Friday, August 25, 2017

The Contradictions of China’s Capitalism

 The spectacle of a so called 'communist' regime trying to jack up a casino-like capitalist market is just one of the many contradictions that have been accumulating in almost every corner of China’s economy and politics.

 And now, their weight is perhaps becoming too heavy for the Party hierarchy to bear.   Indeed, the composition of the CCP is itself a contradiction. The 'revolutionary' party of peasants and workers is now dominated by businessmen, college students, and professionals. One-third of the people listed in the Hurun Report, the Shanghai-based monitor of China’s wealthiest people, are Party members.

 The average wealth of the richest 70 members of the National People’s Congress, China’s parliament, far exceeds $1 billion. (The richest 70 members of India’s parliament or even the US Congress, both now controlled by right-wing political parties, are substantially less wealthy.)

But, unlike in other capitalist economies, money is not the only tool at the authorities’ disposal. If your brokers in China advise you to sell shares, they must be careful not to appear to be rumormongers, subject to official punishment. And there are reports that sales of large holdings may trigger investigations by the authorities. Causing public disorder or financial instability can be a serious offense in China, where conspiracy theories about foreigners’ efforts to undermine the economy abound.
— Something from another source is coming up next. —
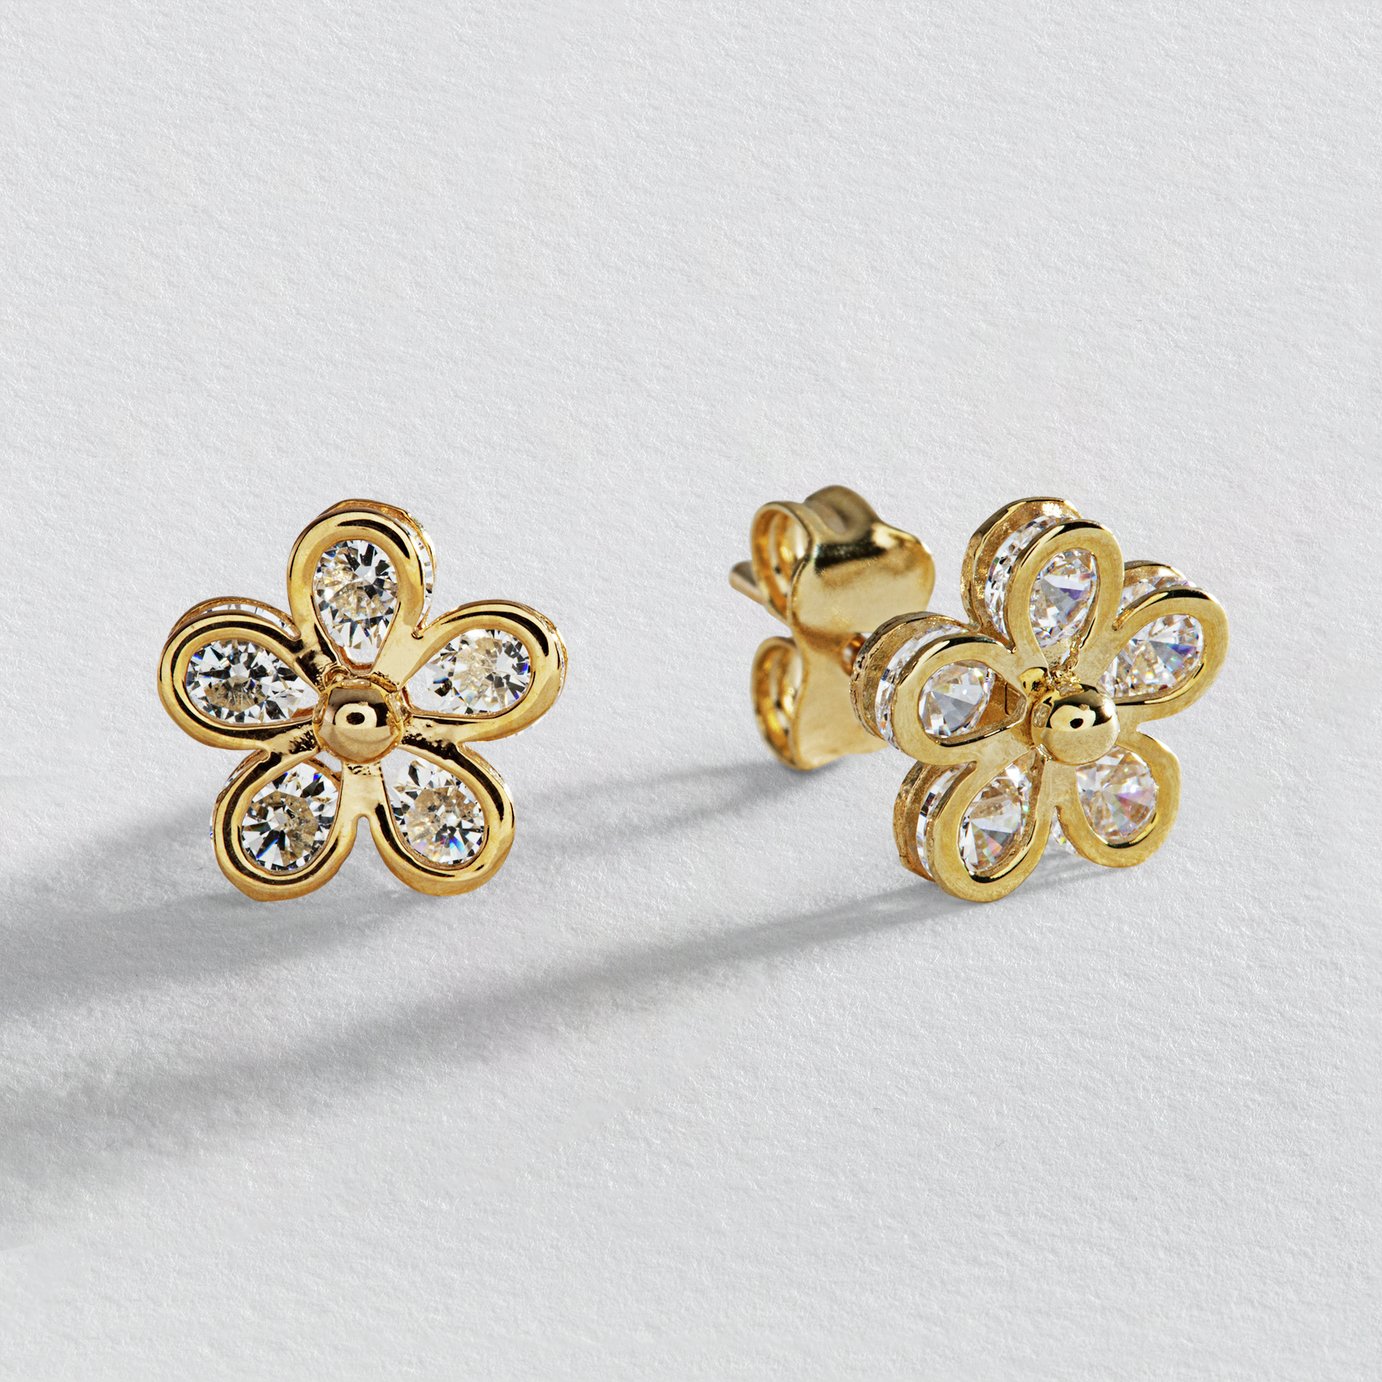 Revere 9ct Yellow Gold White Cubic Zirconia Stud Earrings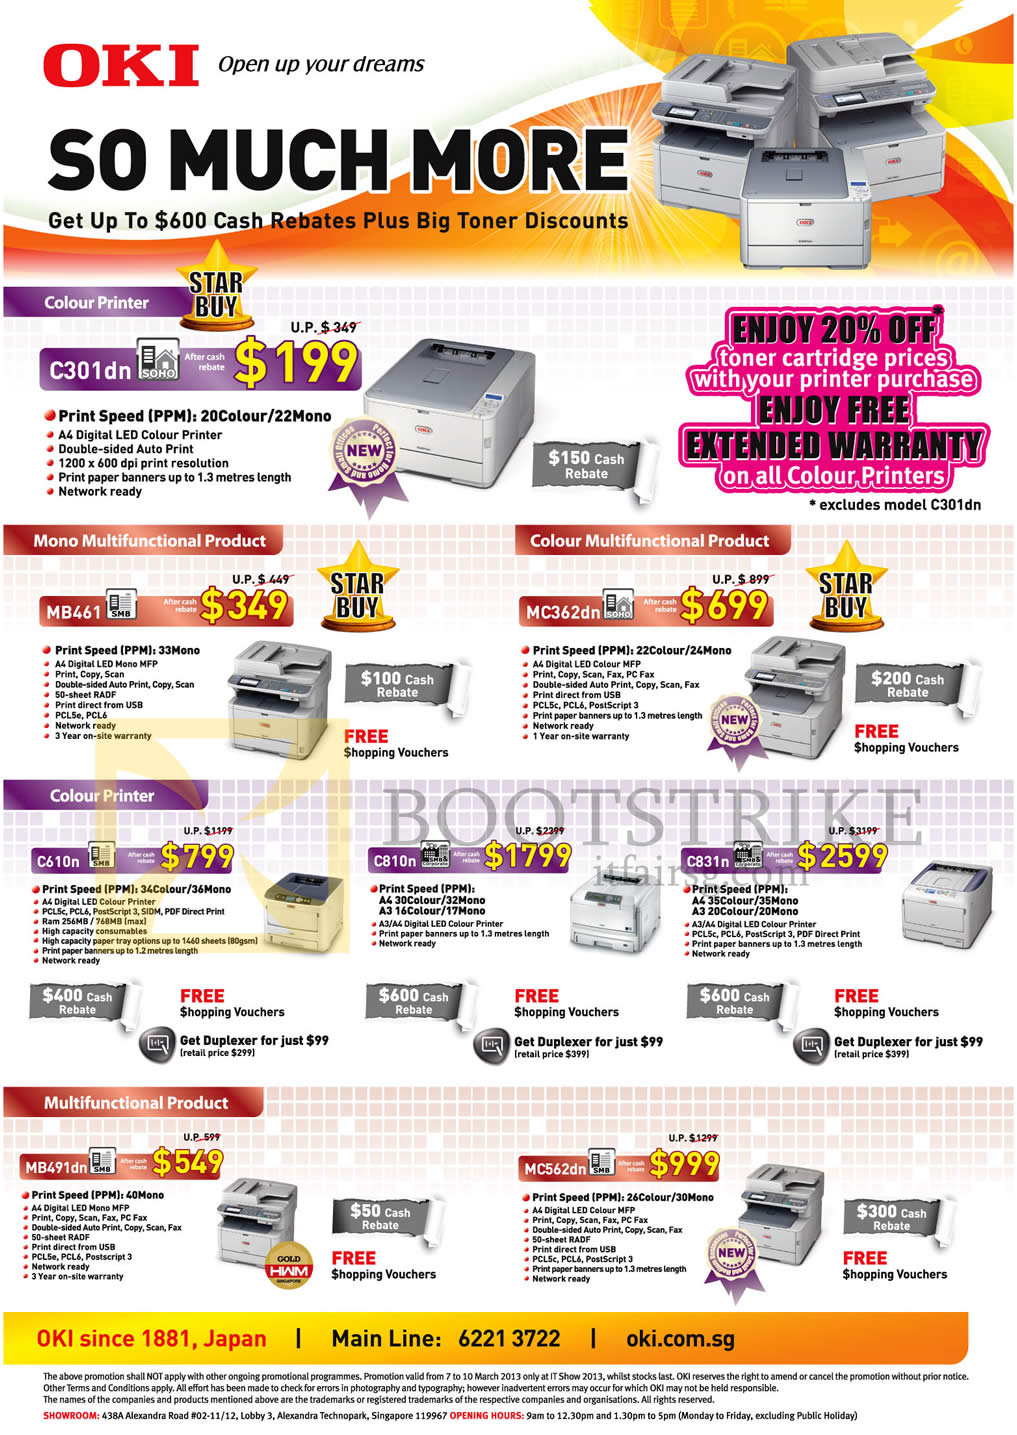 IT SHOW 2013 price list image brochure of Courts OKI Printers LED C301dn, MB461, MC362dn, C610n, C810n, C831n, MB491dn, MC562dn

 What Chinese officials desire is a capitalist stock market without the possibility of large losses that can shake confidence in the CCP’s credibility and control. But that is a market that no one has yet invented.

As Socialists who have always held, like Marx, that socialism and democracy are inseparable and who denounced Lenin's distortion of Marxism right from 1917, we vehemently denied that it is socialism that failed in Eastern Europe. What has failed there is totalitarian state capitalism falsely masquerading as socialism.

Similarly but with more success apparently, the Chinese state capitalist dictatorship has developed capitalism on top of a backwards, feudal economy.

Socialism, as a worldwide society based on common ownership and democratic control of productive resources and the abolition of the wages system and the market with goods and services being produced and distributed to meet needs, has yet to be tried and more than ever remains the only way forward for humanity.